Considering the entire concept of “craft” remains debatable, slippery, and increasingly irrelevant, there are still some who care deeply about Sapporo’s purchase: notably, Stone employees. Their reactions to the news range from “bewildered” to optimistic. Jeremy Moynier, Stone’s senior manager of innovation program & supply chain, says after 18 years at Stone, he’s used to being surprised.

“One of our core values is Creative Risk-Taking which involves being comfortable with being uncomfortable. This involves taking risks and always striving to be better. We will continue on that path,” he writes in an email to VinePair.

Stone CEO Maria Stipp echoes that idea of value continuity. “We will continue to have the same values, we’ll stand for the same things,” she promises.
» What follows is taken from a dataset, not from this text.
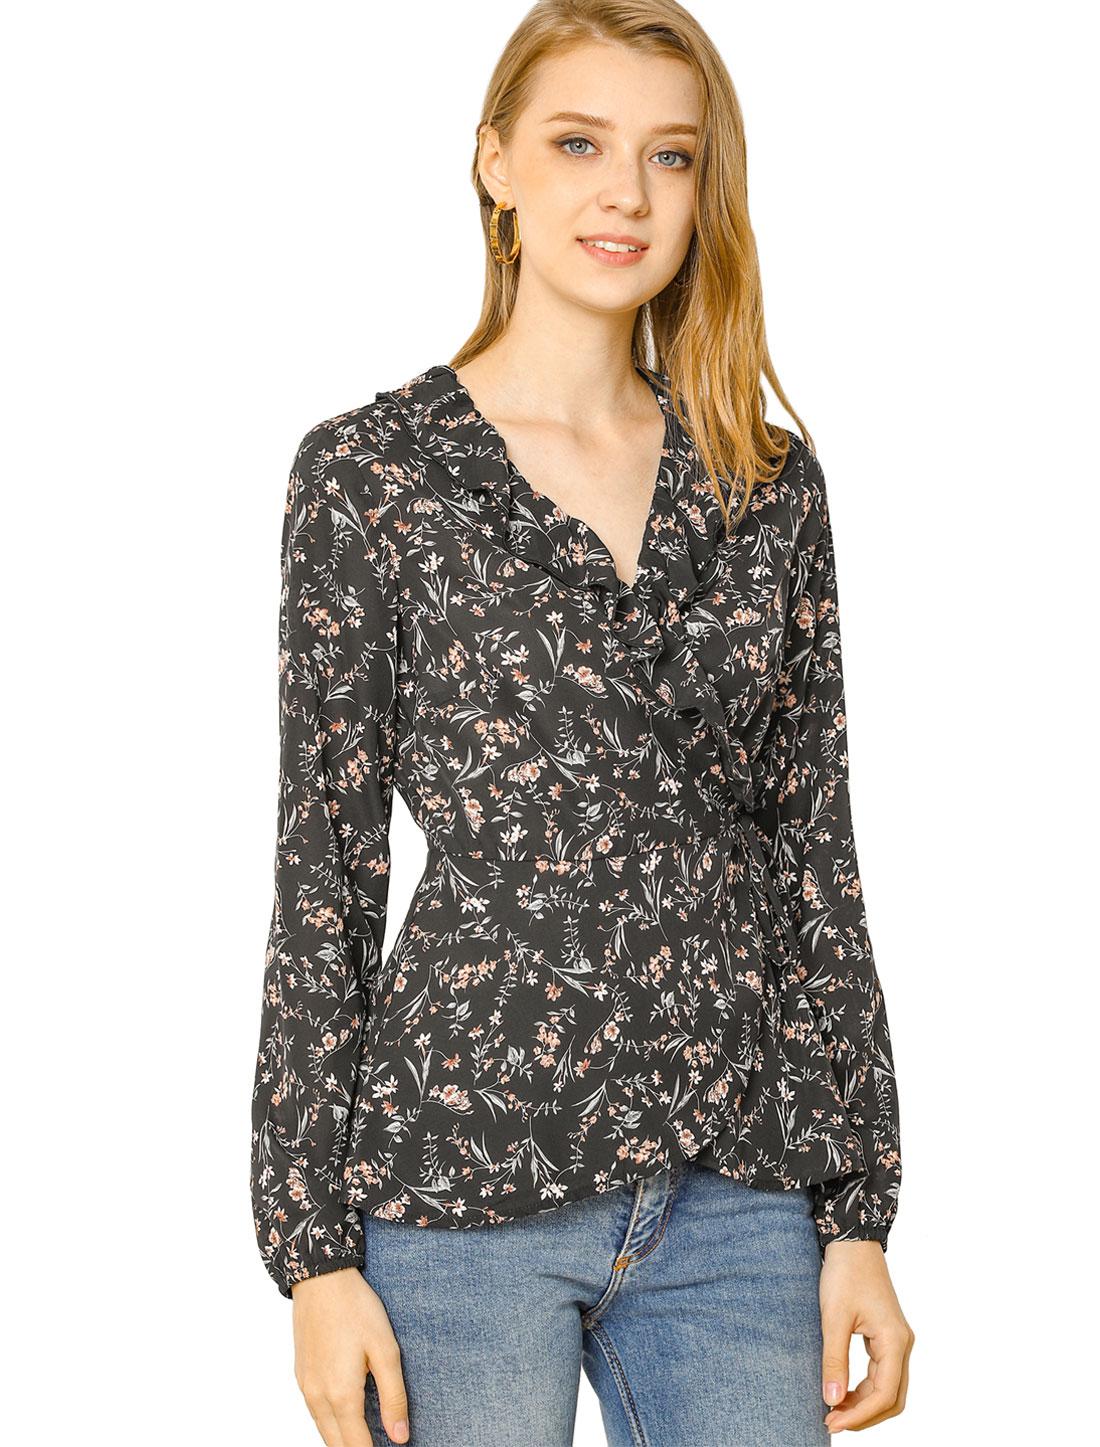 Women's Floral Ruffle V Neck Self Tie Wrap Peplum Top Black XL

But that begs the question: If one of the ironclad values was never selling out, how can anyone be expected to believe other values will remain intact?

In the press release announcing the acquisition, Sapporo explains that it plans to double Stone’s current production to hit 360,000 barrels by the end of 2024. Stipp says increased production likely means more staff and more opportunities at both its Escondido, Calif., and Richmond, Va., facilities. However, expansion will come at a cost beyond credibility. Virginia Morrison, president emeritus of the San Diego Brewers Guild and CEO/co-founder of Second Chance Beer Company, says, “Upon completion of the sale, Stone no longer will be eligible for membership in the Guild, according to current SDBG by-laws.” In an email to VinePair, Morrison explains that, as a craft brewery owner, she sees firsthand the challenges of inflation, the pandemic, and the current craft beer climate, and appreciates Stone’s pioneering role in helping to make San Diego “the Capital of Craft.”
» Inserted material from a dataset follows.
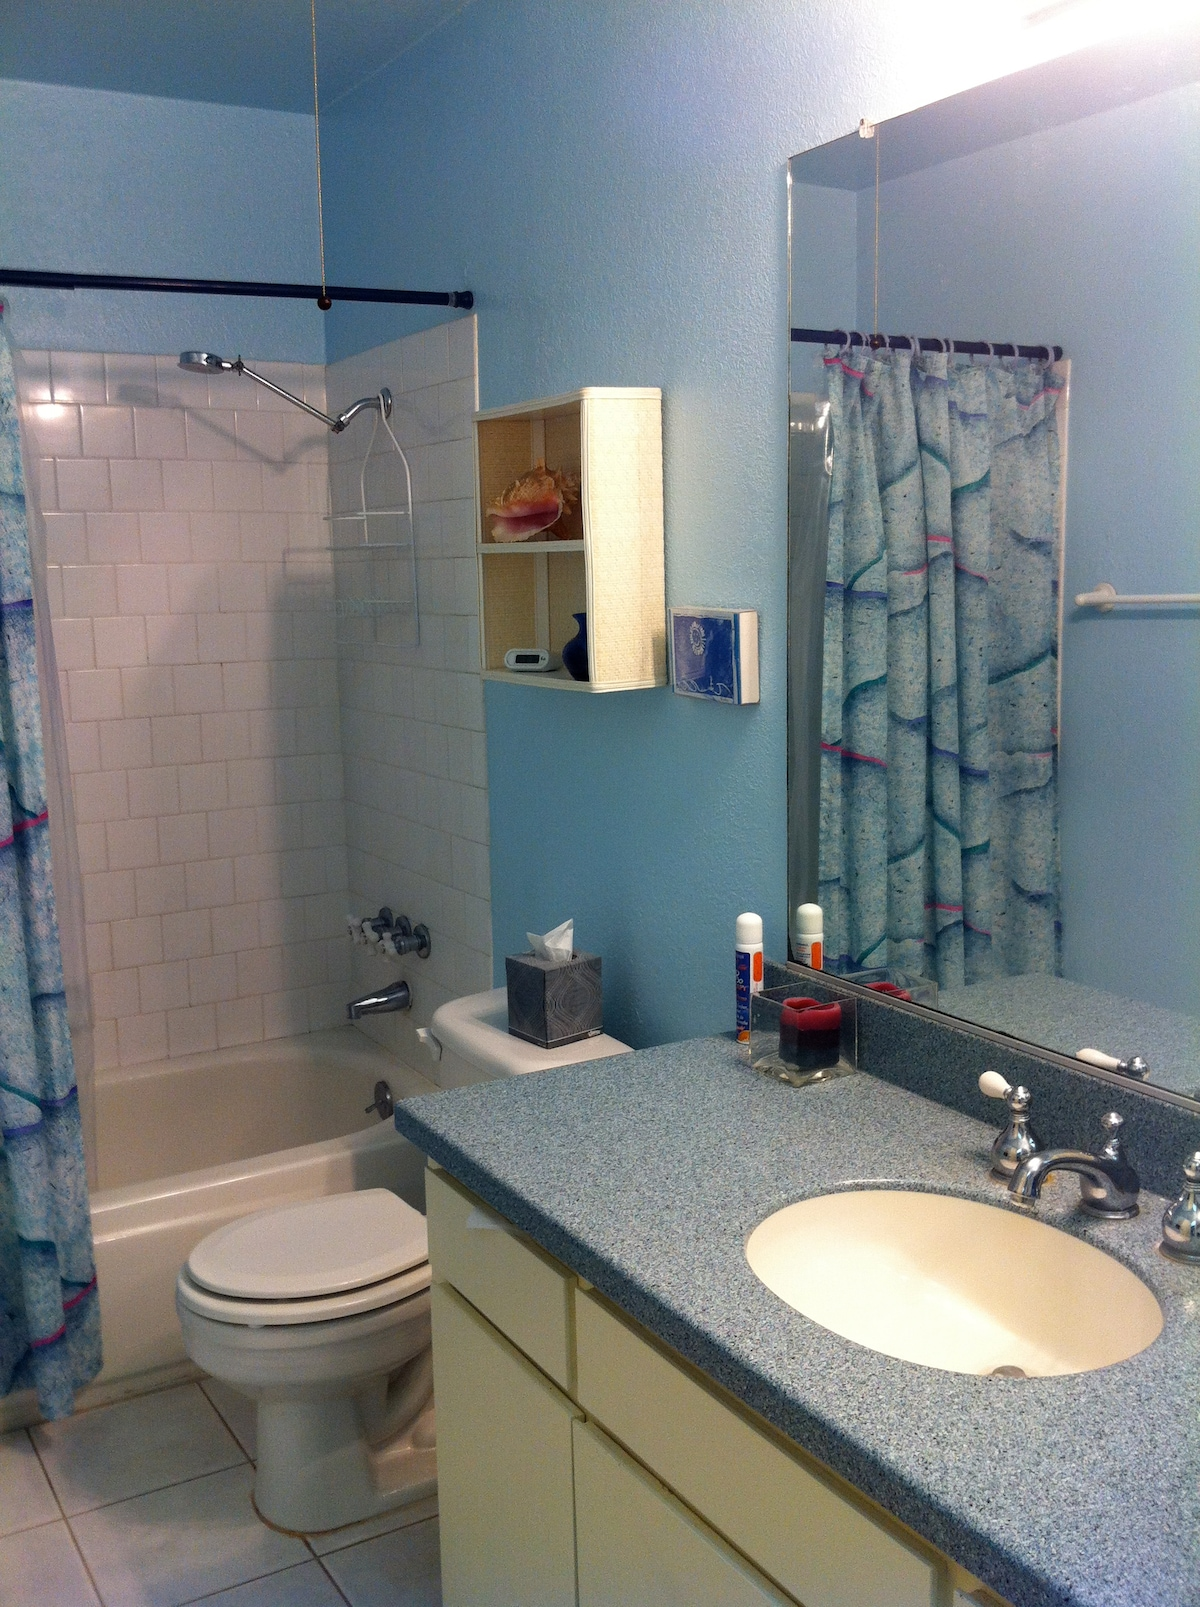 The full bathroom with tub.

Stone Brewing is now a subsidiary of Sapporo.

Chris Cramer has also shared a front-row seat watching San Diego’s growth into a craft beer industry powerhouse since co-founding Karl Strauss Brewing Company in 1989. Like Moynier, he’s also optimistic, specifically that San Diego beer is in no danger of losing its prestige, even as Koch steps away entirely from the company he helped build.
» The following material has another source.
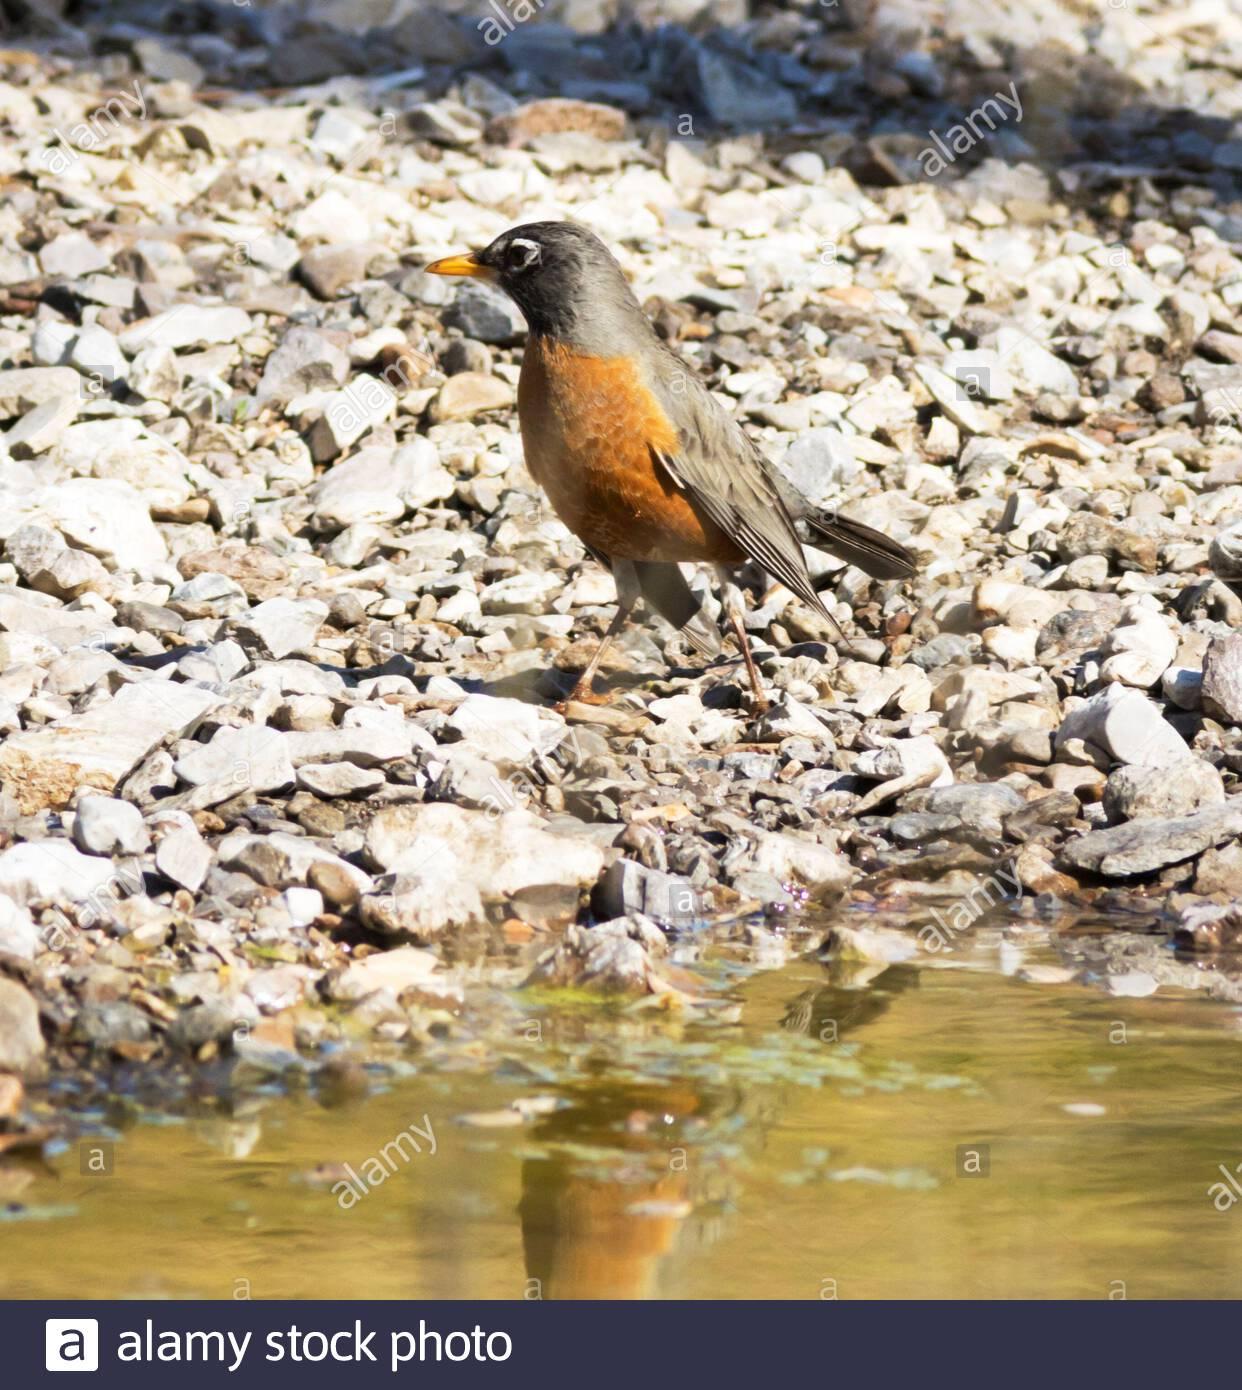 American Robin, Turdus migratorius, standing on rocks near creek in Arizona USA Stock Photo

“I think the recent sales of Stone and Modern Times say a lot more about their individual financial situations than they do about San Diego’s craft beer industry in general,” Cramer explains, saying he hopes the increased brewing capacity will benefit Stone’s employees. “Clearly, this is not like Ballast Point selling to Constellation. … We wish them all the best.”

It’s hard not to look back at Koch’s repeated — and often rather vitriolic — assertions that any sellout would inevitably alter the quality of the beer itself and wonder what the future holds. (Koch and co-founder Steve Wagner did not reply to a request for comment.) It’s also possible I’m being a bit harsh on Koch. The fact that he built something of Stone’s magnitude and remained absolutely committed to an anti-establishment ideology is more than most people can say. Frankly, it’s pretty cool to even try, even if the sentiment got stale years ago. It’s only a problem when “Damn the Man” turns into “Pay the Man,” and with Stone seemingly still on the hook for a $464 million debt, the ultimate fate of Stone remains hazy.